# What else is wrong here?



## MTDUNN (Oct 9, 2011)

I repaired the pilot orifice but what else did I find wrong here?

Laundry company for multiple hotels and motels.

100 gallon commercial water heater

199,000 BTU


----------



## PlungerJockey (Feb 19, 2010)

That's a funny looking thermal coupling.


----------



## HSI (Jun 3, 2011)

Is the tube next to the ignighter melted?


----------



## MTDUNN (Oct 9, 2011)

Forgot to mention its only 7 years old. 

First thing I noticed was all that rust


----------



## PlungerJockey (Feb 19, 2010)

7 years is ancient for a commercial W/H around here.


----------



## MTDUNN (Oct 9, 2011)

PlungerJockey said:


> 7 years is ancient for a commercial W/H around here.

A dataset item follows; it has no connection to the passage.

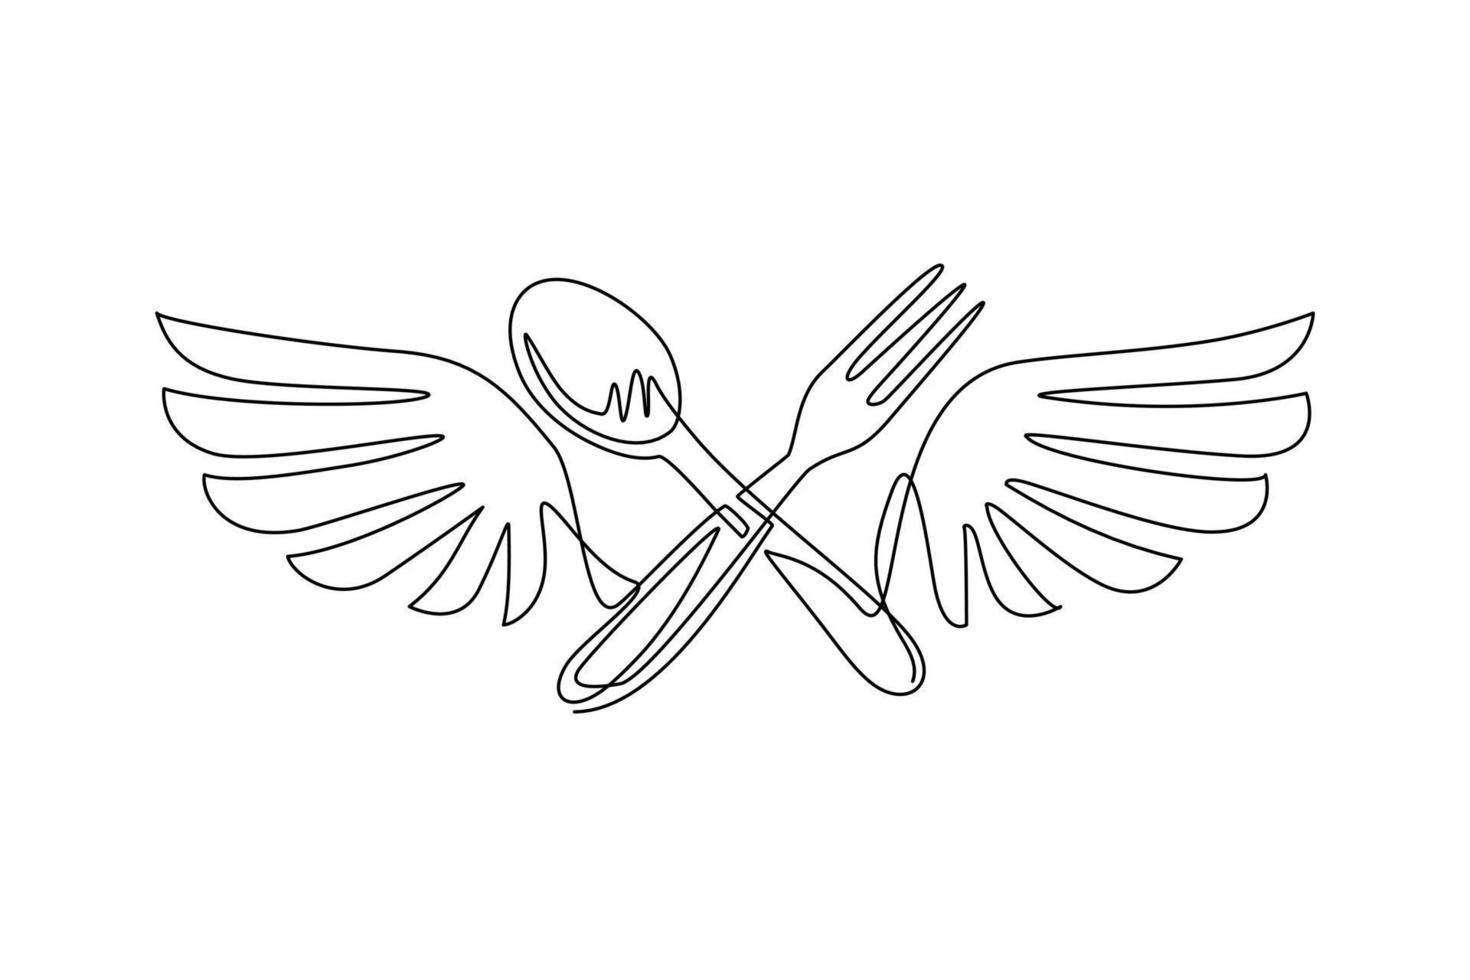 Cuchara de tenedor de dibujo de una sola línea con icono del logotipo de alas. entrega de comida deliciosa, negocio de catering, símbolo de área de comida rápida plano aislado. ilustración de vector gráfico de diseño de dibujo de línea continua moderna

I tried to sell a new one due to the fact that this one is grossly undersized. See all that rust on the burners and igniter assembly! That's from condensation. It barely had a spark. Orifice was clogged. It will happen again soon.


----------



## MTDUNN (Oct 9, 2011)

HSI said:


> Is the tube next to the ignighter melted?


The pilot? No just badly rusted


----------



## Plumberman (Jul 7, 2008)

MTDUNN said:


> I tried to sell a new one due to the fact that this one is grossly undersized. See all that rust on the burners and igniter assembly! That's from condensation. It barely had a spark. Orifice was clogged. It will happen again soon.


I've seen many like that, if its that undersized then it's running constantly hence all the condensation...

Down here it's either from over draw or mechanical rooms with fresh air louvres drawing 100% humidity combustion air.


----------



## johnh (Jul 6, 2013)

Has the CO and O2 been checked with a combustion analyzer?


----------



## CaberTosser (Mar 7, 2013)

A commercial laundry serving that much clientele you bet that bugger is undersized. Should probably have triple the BTU's and double the storage, or perhaps a boiler/exchanger/tank combo.


----------



## MTDUNN (Oct 9, 2011)

johnh said:


> Has the CO and O2 been checked with a combustion analyzer?


No but I did check draft


----------